Good stuff
Competent, practical and decent value
Bad stuff
It’s hardly going to set your heart on fire
Overview
What is it?
This is Skoda's Scala hatchback, introduced in 2019 to replace the Rapid and given a light facelift in late 2023. You'd be forgiven for forgetting it was there, though. The humble family hatch has become an increasingly niche player in the UK car market after all.
Wind back a decade or two and Britain’s bestselling cars all emanated from this sector. Whether from Ford or Vauxhall, Peugeot or Renault, Rover or Volkswagen, people lapped them up. And then the Qashqai landed and the car market changed – perhaps irrevocably.
In 2023 just one car from this class – the Audi A3 – snuck into the UK’s top 10 best-sellers list at number nine. Ford will end production of the Focus entirely in 2025, bringing a true hatchback greatest hit to what feels a premature end. Crossovers are all the rage.
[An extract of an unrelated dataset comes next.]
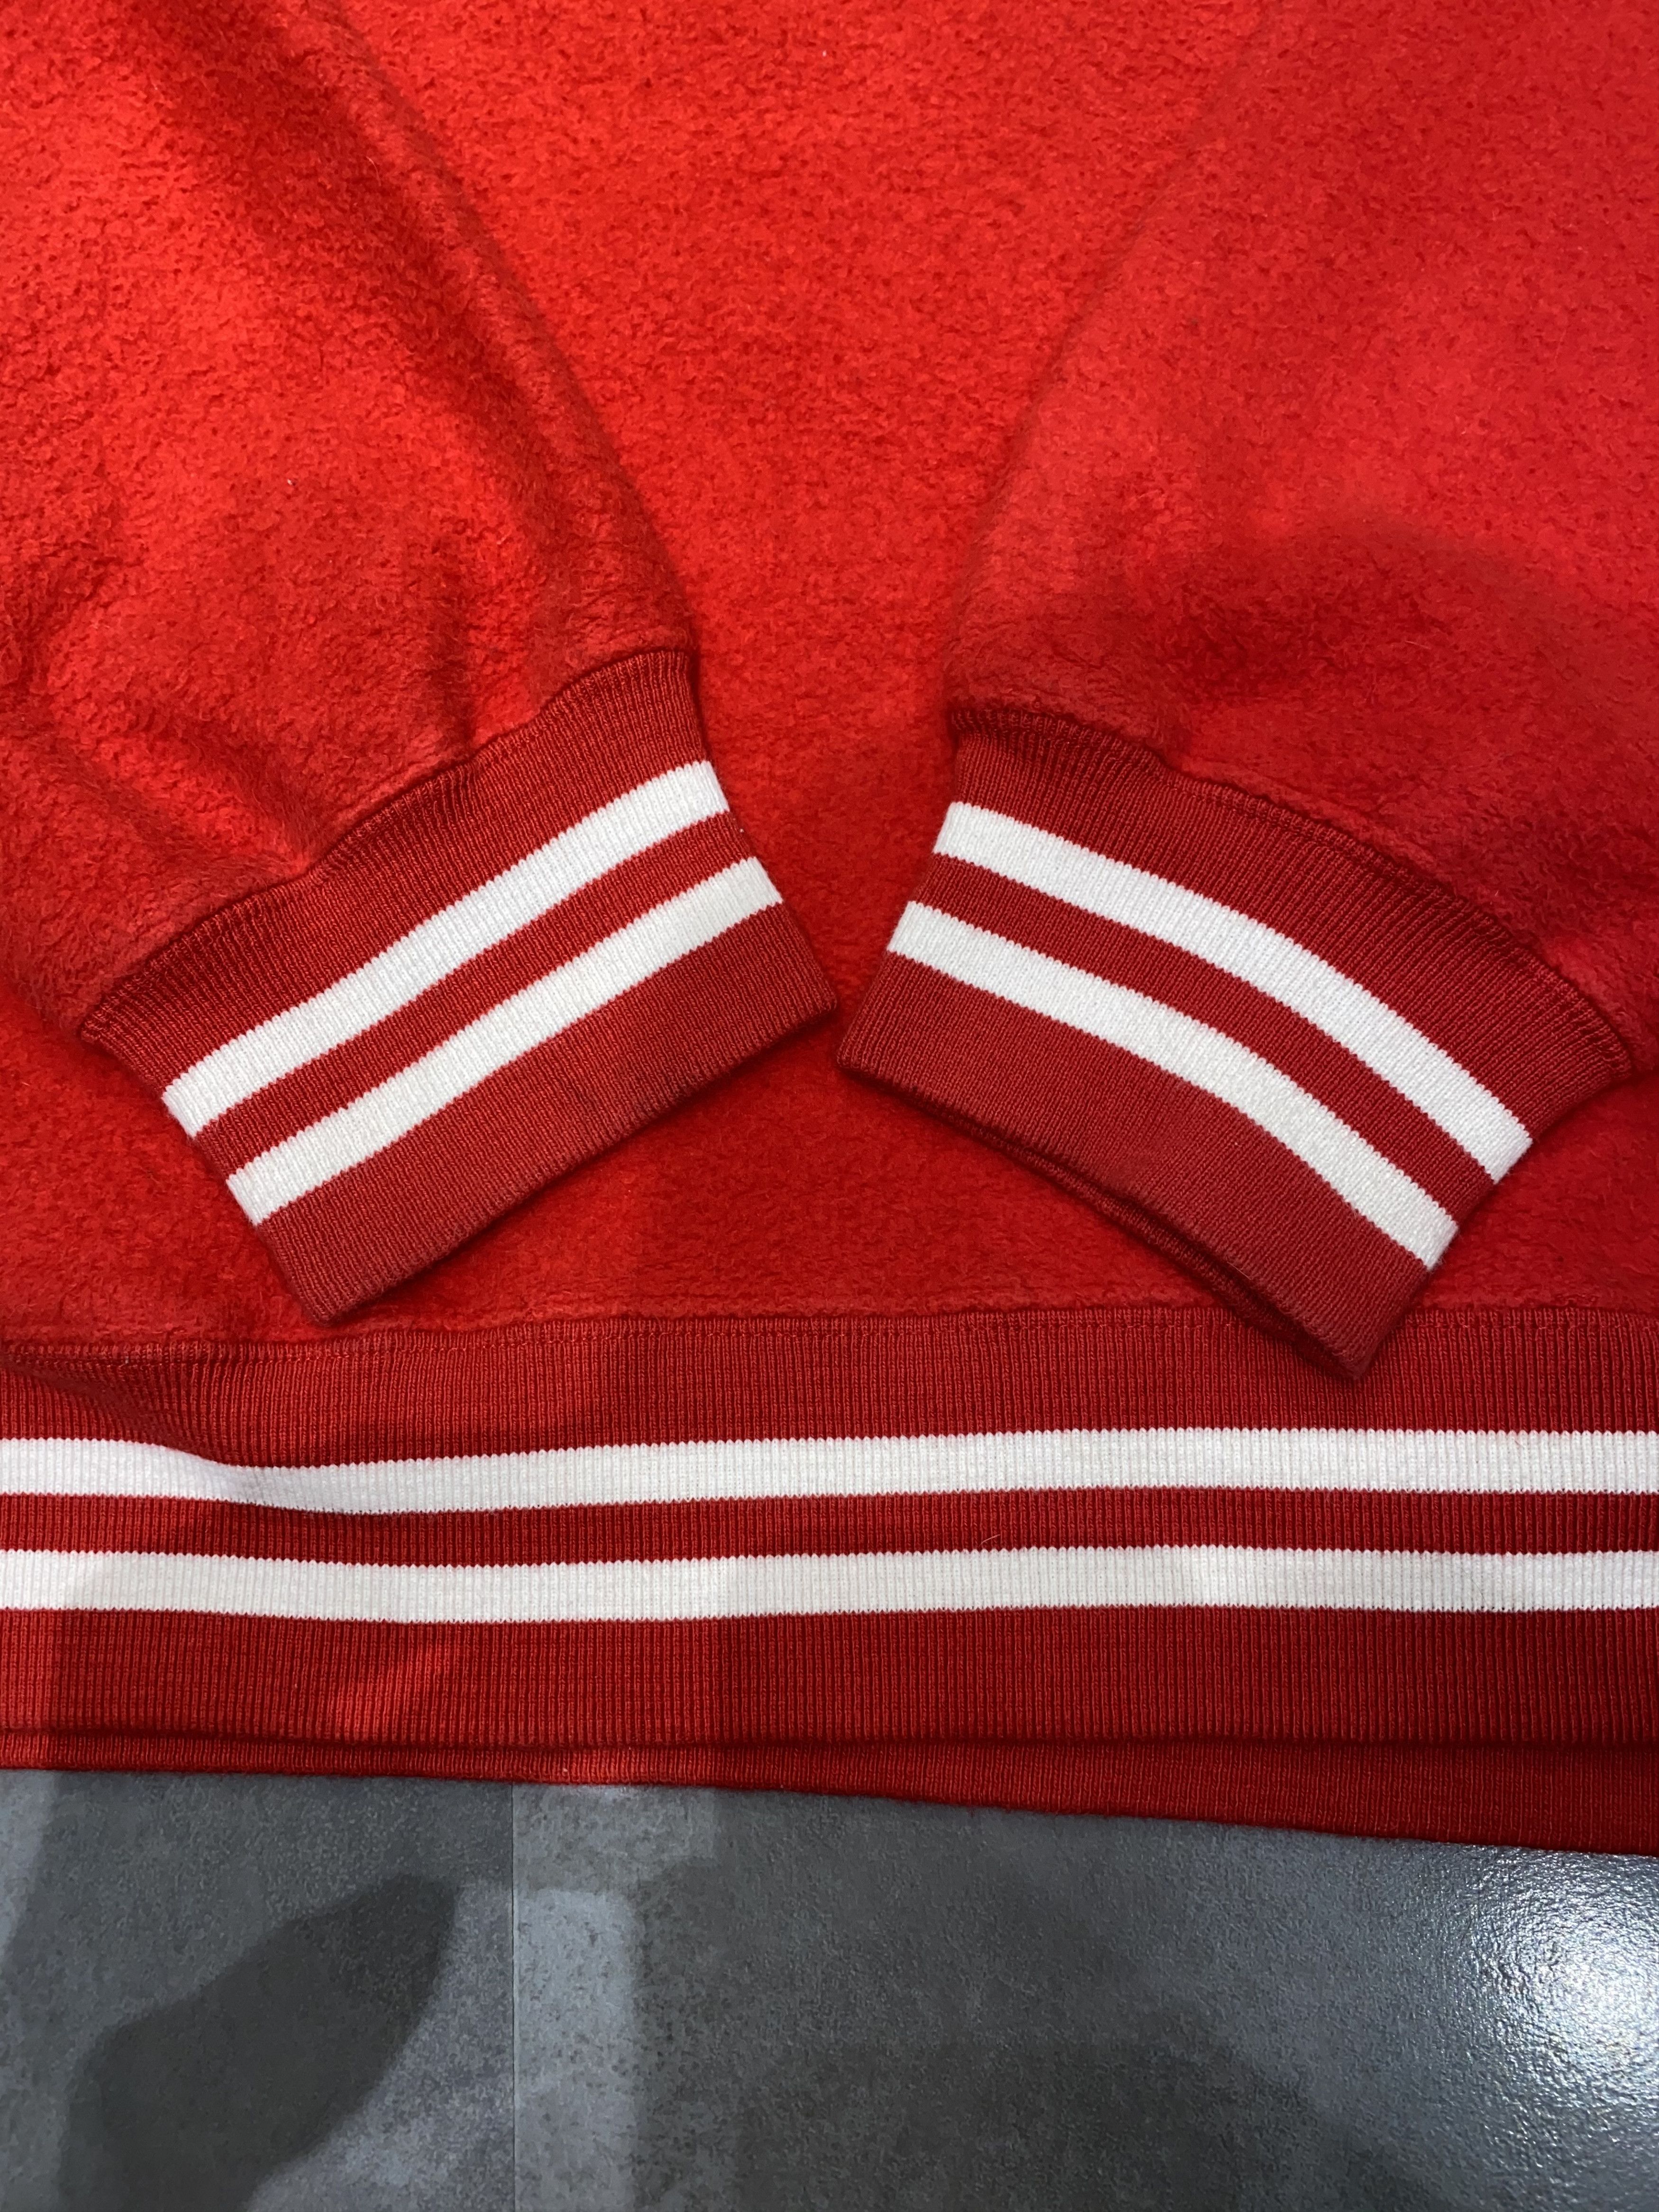 Supreme FW16 Supreme Big Logo Red Fleece Hoodie Size US XL / EU 56 / 4 - 11 Thumbnail

The Scala (rhymes with parlour, not paler) is a thoroughly sensible and good value addition to the hatchback clan, though – just like British buyers used to adore. Even its place in the Skoda showroom is curious, filling a gap between the smaller Fabia and larger Octavia that surely opened up only because the latter is so big in the first place.
So this is loads smaller?
The Scala is 327mm shorter than an Octavia hatch but its wheelbase lags by just 20mm, ensuring it is still more than capacious enough for most families. Skoda has a knack of scalloping out a barely plausible amount of legroom in its cars (a Superb is truly palatial) and the Scala doesn’t buck the trend.
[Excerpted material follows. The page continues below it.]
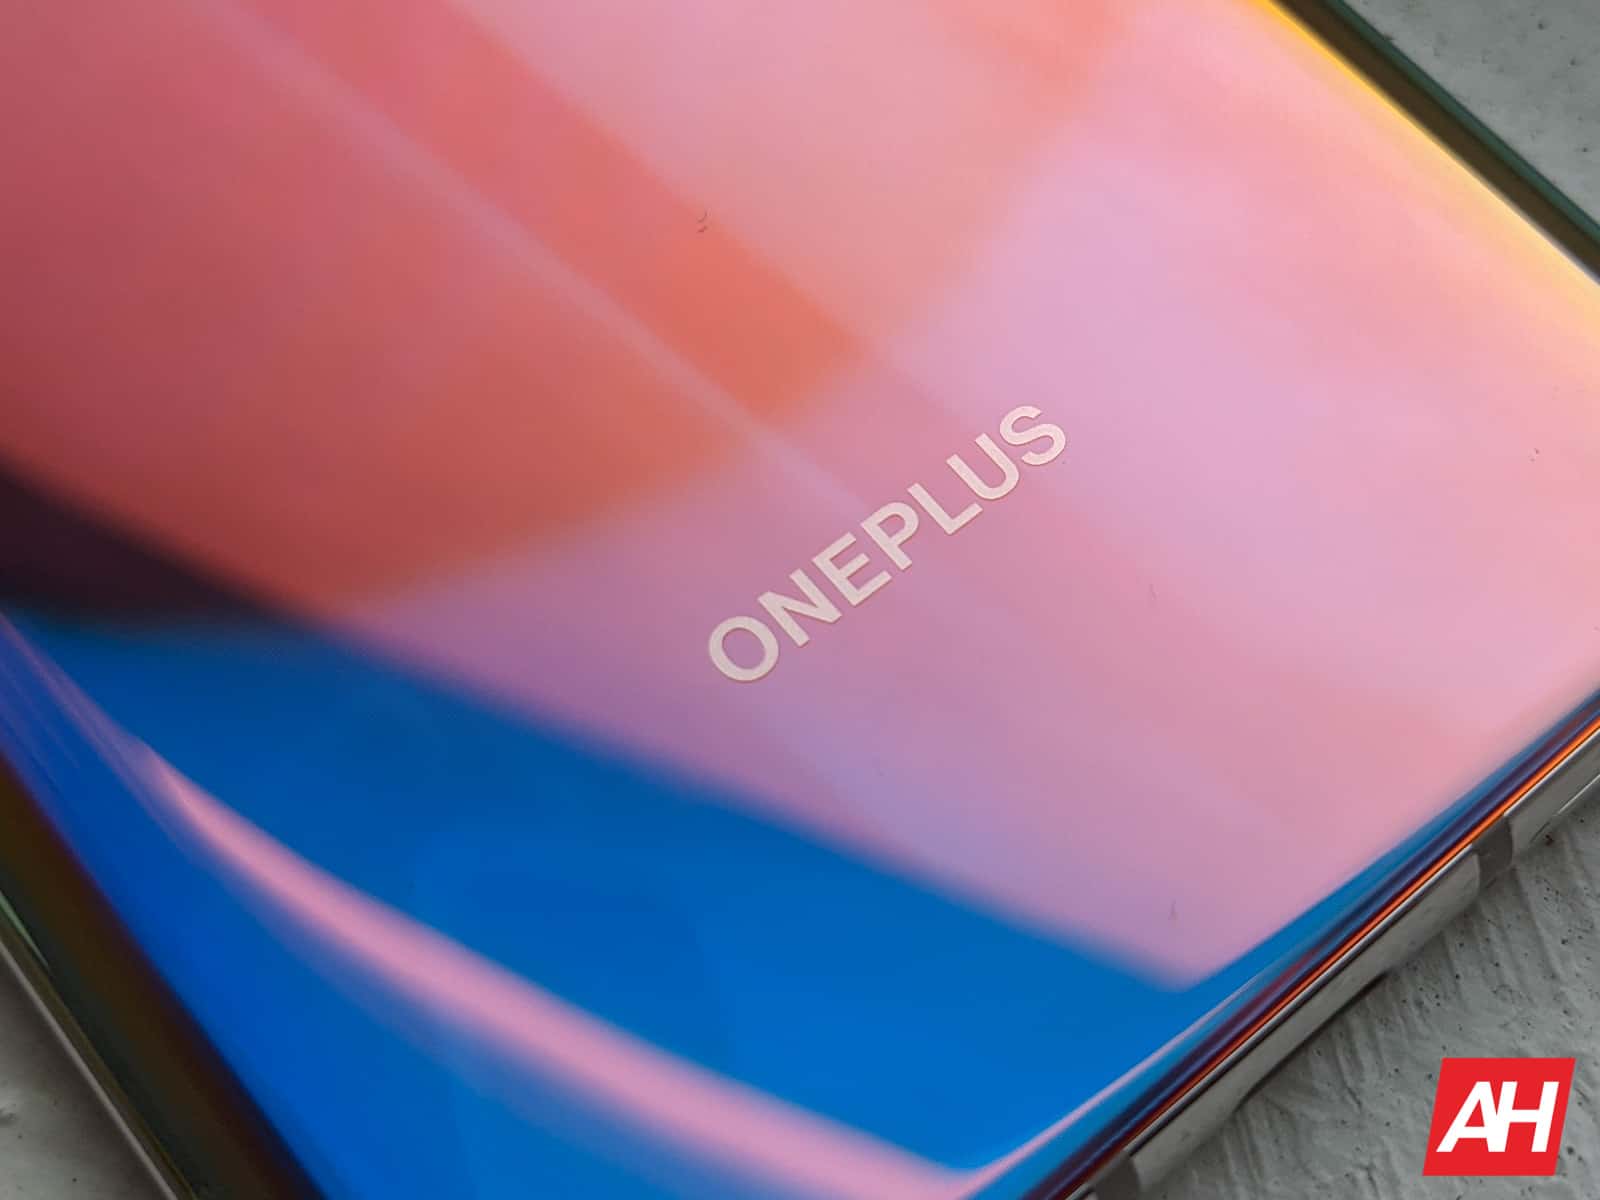 Модель OnePlus Nord 2 с 12 ГБ оперативной памяти подтверждена в Geekbench

What it’s never done is drop your jaw with the plushness of its interior, some value for money pricing carved out by cheaper, more durable plastics. The Scala’s mid-life update answers some of this criticism, though – some of the cheaper plastics remain, but there's a sprinkling of fabric trim on the dash and a smattering of renewable materials too.
Practicality still wins out over poshness and Skoda’s usual array of hidden ice scrapers and umbrellas is joined by Gen Z-appeasing stuff like a ventilated phone charger and copious phone and tablet storage cubbies.
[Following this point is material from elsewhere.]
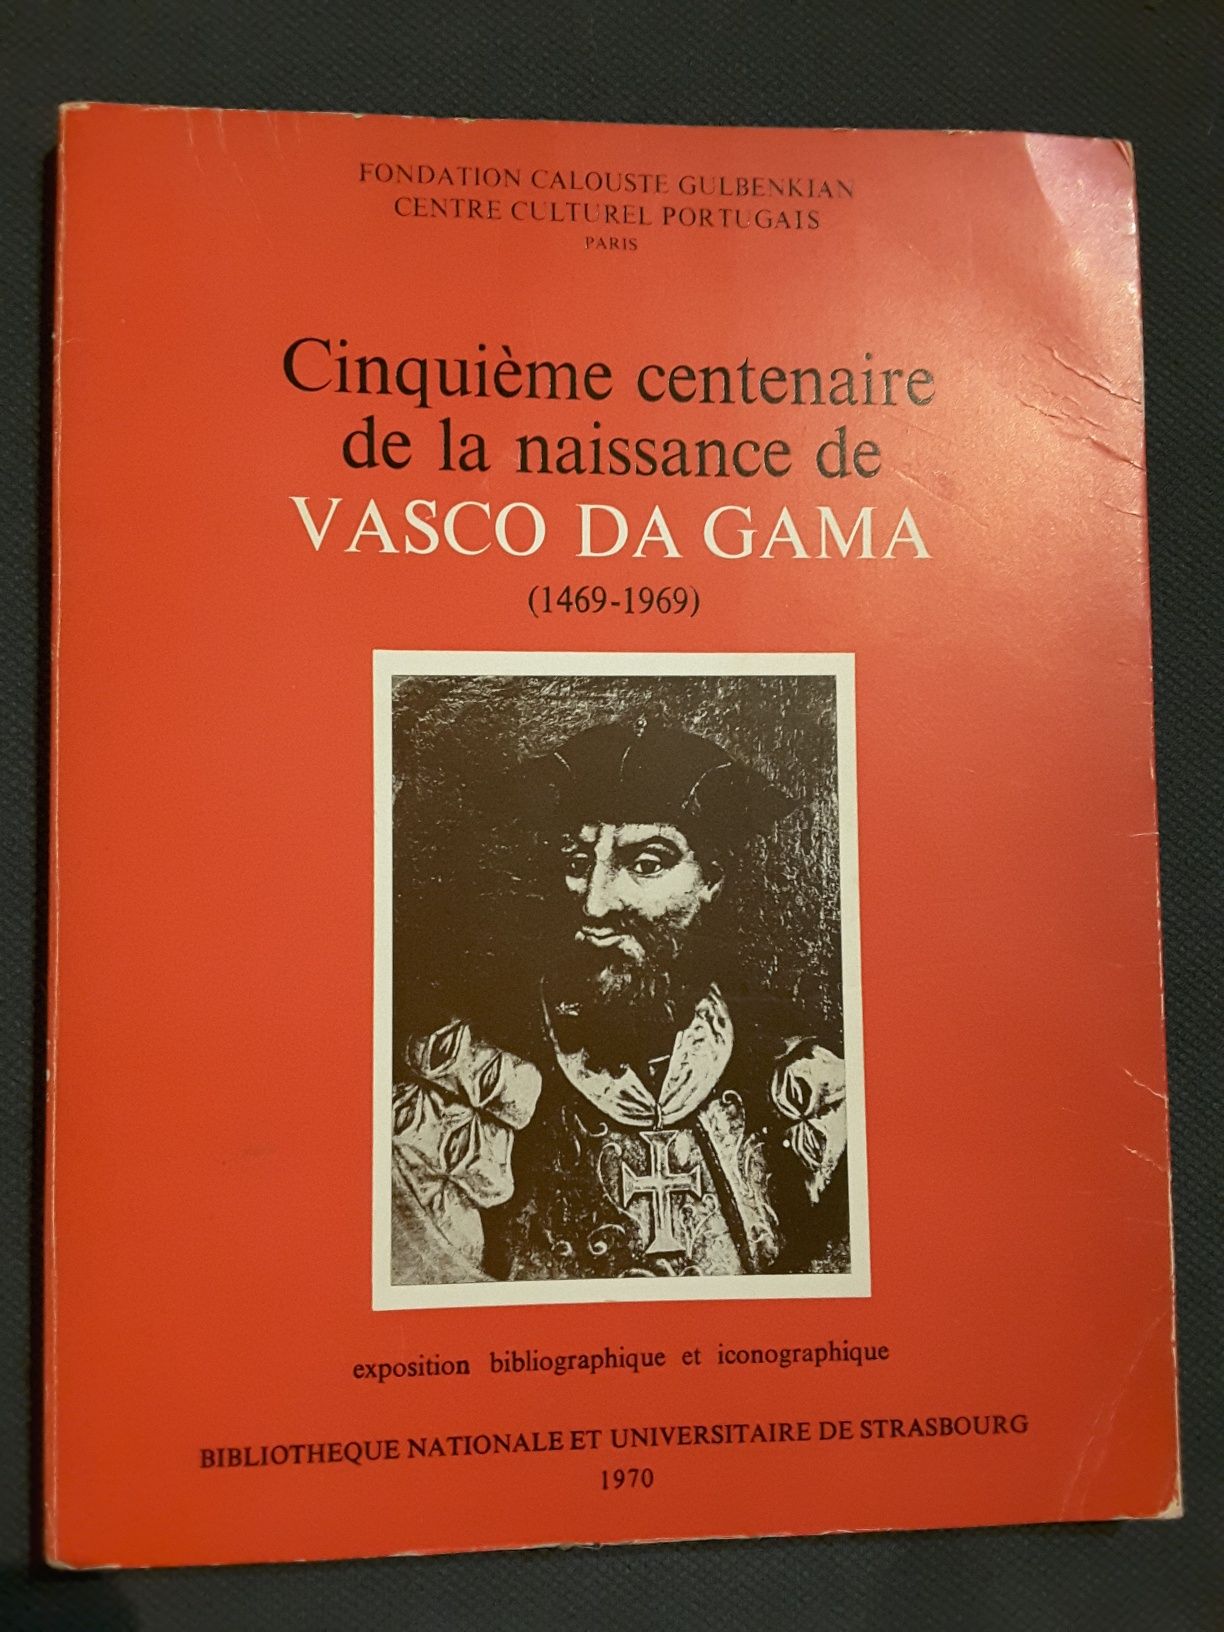 Nuno Álvares Pereira/ Vasco da Gama/ Cartas Baianas

What are the engine choices?
Diesel has gone from the range and there’s still no electrification, so you’re left with pure petrols, both turbocharged. There’s a 1.0-litre three-cylinder available in 94 and 114bhp tunes and a 1.5-litre four-cylinder with 148bhp. All drive the front wheels. You’ve a choice of manual or DSG paddleshift auto gearboxes, though beware the entry level engine is five-speed manual only.
The puniest engine manages 0–62mph in 10.8 seconds, while the extra power drops that to 9.5s (or 10.1s if you spec the DSG). The more powerful 1.5 engine will cover that same sprint in 8.2 seconds whatever gearbox is installed.
It all drives pretty neatly too. The Scala goes, stops and steers exactly as you’d hope, and can even be pretty good fun on the right roads... as long as you’re not expecting hot hatch energy. All Scalas are rated at between 50mpg and 55mpg.
For our money the higher powered three-cylinder is the better bet, bringing useful performance to the lower end of the range. There’s nothing fundamentally wrong with the bigger engine – quite the opposite – but it naturally raises the price and is a little OTT in a car like this.
So how much is it?
The Scala hasn’t escaped the general trend of swelling car prices, but it still looks decent value. Prices start at a respectable £22,105 (or around £230 a month) for a 1.0-litre Scala SE with 94bhp. Another grand secures the higher 114bhp output you really want. Get really excitable and you can spend north of £30k on a fancy Scala Monte Carlo with the biggest engine allied to a DSG transmission.
Our choice from the range
What's the verdict?
This is a thoroughly well-judged hatchback. It won’t especially surprise you, but then who wants shock and awe from their family transport? You want dependability and some unglamorously thoughtful touches, and those are precisely what Skoda has become something of a specialist in.
Its crisper design language over the old Rapid is a big plus and its workmanlike approach to practicality and size for modest cash is very appealing. No, it’s not going to drop your jaw with road-racer handling nous, but you may well gain quiet satisfaction from the useful aspects of ownership.
A VW Golf feels nicer and a Ford Focus is better to drive, but both are notably more expensive and the latter has the grim reaper stalking the floors of its factory as we speak. We’ve a soft spot for the Scala purely because it keeps faith in the good ol’ family hatchback.